Оглядываясь назад, я понимаю, что описываемые мною события относятся к двум разным отрезкам времени. Обед (хотя в данном случае это слово – не более чем насмешка) с Аристотелем, разговор о цикуте и суд над Ортобулом произошли в период, который я назвал бы хорошим, а потом разразилась беда. Умерла жена Аристотеля, и убитый горем Основатель Ликея неожиданно подвергся нападкам со стороны афинских патриотов. Он решил, что будет разумнее временно уехать из города. По воле провидения мы вместе отправились в путешествие к восточным островам. Однако странствия завели нас гораздо дальше, чем задумывалось изначально, к тому же я был в Азии впервые. После долгих злоключений мы вернулись в Афины – это произошло осенью того года, когда скончалась Пифия, а также Дарий, Великий царь Персии. Наши странствия закончились, а судьба вела Александра все дальше на восток, к покрытым вечным снегом вершинам Кавказских гор. Он преследовал персов, прежде всего – изменника Бесса, который устроил заговор против Дария и провозгласил себя новым Царем Персии.

Я был несказанно рад вновь оказаться дома после долгого и трудного путешествия на Восток и обратно. Как уже говорилось выше, я все еще страдал от раны в плече, полученной в отчаянной схватке. Но сейчас я вполне окреп, чтобы снова нанести визит в публичный дом. Я благодарил Фортуну за такую возможность, поскольку давно не удовлетворял должным образом свои желания и считал, что имею полное право немного поразвлечься. Если бы я только знал, как долго буду сожалеть о том, что тоска по любовным приключениям охватила меня именно тогда, а не накануне! Ибо этой ночью мне не суждено было вкусить заслуженного наслаждения, другим же она принесла лишь опасности, боль и потери – включая самую тяжкую утрату, какую может понести человек.

Я остановил свой выбор – роковая ошибка! – на доме Манто, о котором столь много говорили на суде над Ортобулом. Этот был один из лучших и самых дорогих публичных домов – иначе столь богатый и утонченный человек, как Ортобул, не стал бы его завсегдатаем. Разумеется, по закону, посещение публичного дома не может стоить больше двух драхм. А есть места, где за удовольствие возьмут и того меньше; я уже не говорю о жалких созданиях, топчущих пыль боковых улиц и скрывающихся в тени городских стен, – их услуги обойдутся не дороже, чем в пол‑обола.
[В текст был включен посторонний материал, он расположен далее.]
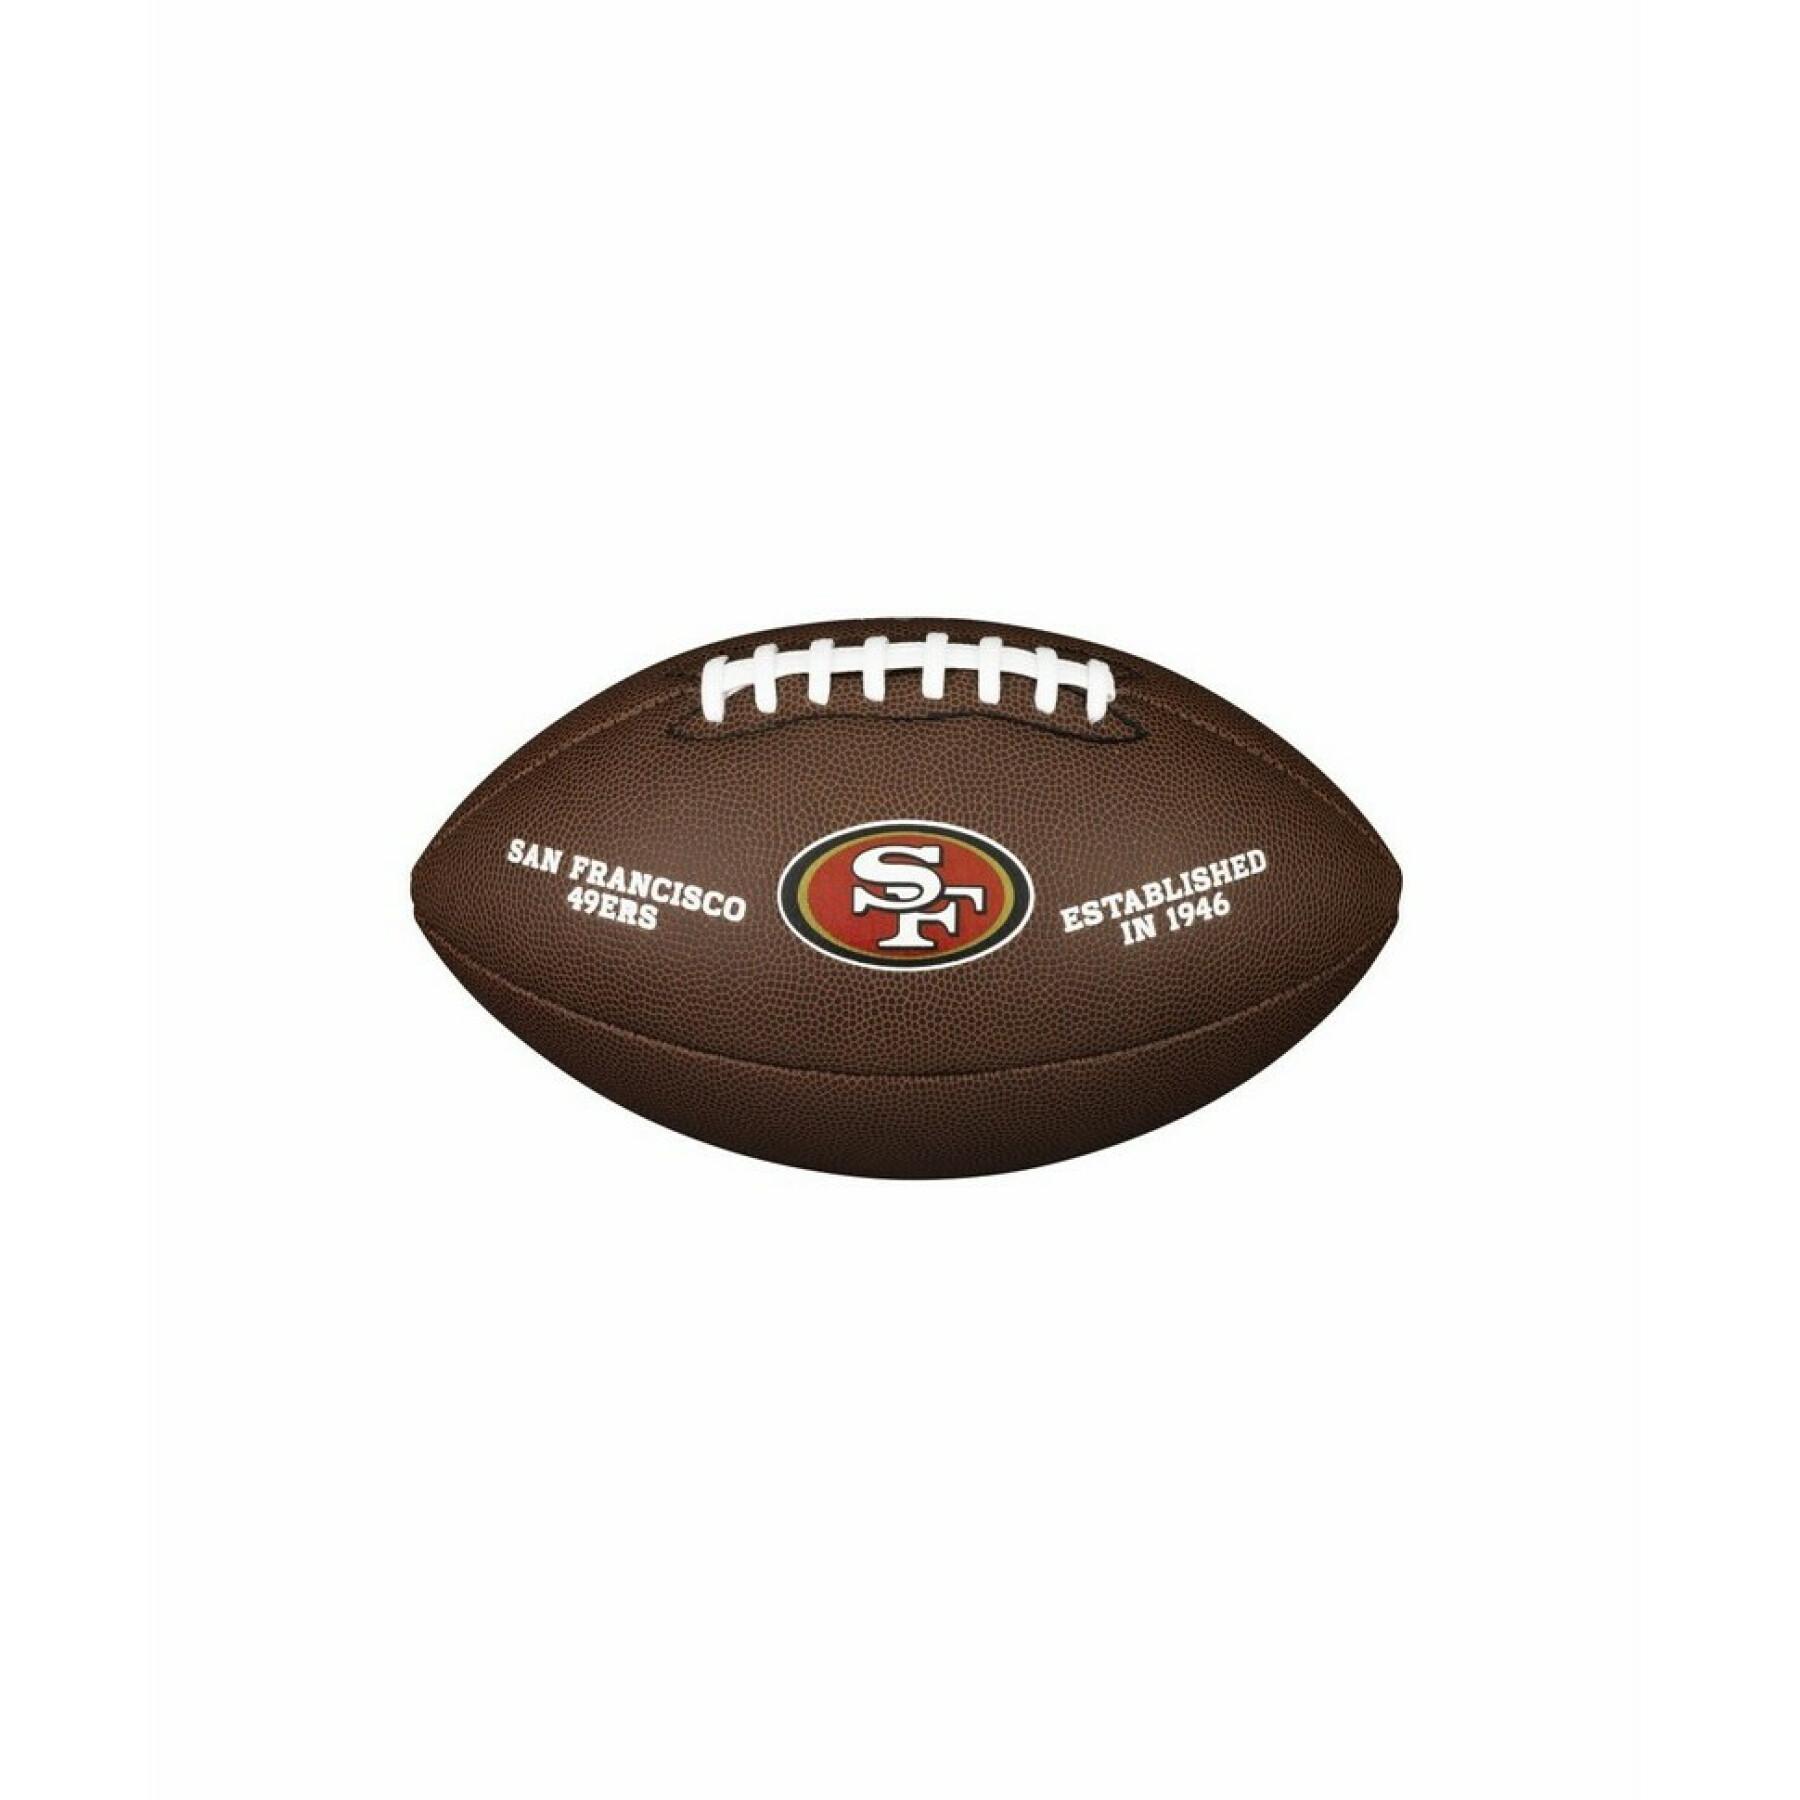 Ballon Wilson 49ers NFL Licensed

Но солидные публичные дома предоставляют гостям мягкие ложа и прекрасно обставленные комнаты, где можно насладиться дорогим вином, вкусной едой и обществом прелестниц. Вот где миролюбивый Ортобул столкнулся со скандалистом Эргоклом, нашедшим отвагу на дне бутылки. В доме Манто всегда звучала музыка: у нее было несколько флейтистов и флейтисток, а также девушки, играющие на тамбурине. За тонкое постельное белье, сносную выпивку, хорошее угощение и музыку с клиентов взималась дополнительная плата. Раскошеливайся, если хочешь провести Ночь в подобном заведении, а не в жалком притоне под Акрополем. В базарный день длинные очереди мужчин выстраиваются перед каждой такой конурой, больше напоминающей коробку с дверью, нежели дом; их обитатели, бедные девочки – или юноши, как друг Сократа Федон, – зарабатывают себе на хлеб, обслуживая вереницу клиентов в крохотной комнатке на узкой постели.

Итак, я предался удовольствиям дома Манто, и сначала все шло просто чудесно. В гостиной полукругом стояли прелестные девочки, облаченные в тончайшие хитоны, в ушах у каждой поблескивали серьги (закон смотрит на драгоценности проституток сквозь пальцы, хотя все украшения, подаренные рабыням, принадлежат их хозяевам). Осмотревшись, я выбрал девушку по имени Кинара. Мы с ней немного перекусили и выпили вина, лишь слегка разбавленного водой. Дочерям и женам афинских граждан вино недоступно, а вот проститутки пьют его довольно много. Потом мы отправились наверх, в маленькую комнатку моей сегодняшней партнерши.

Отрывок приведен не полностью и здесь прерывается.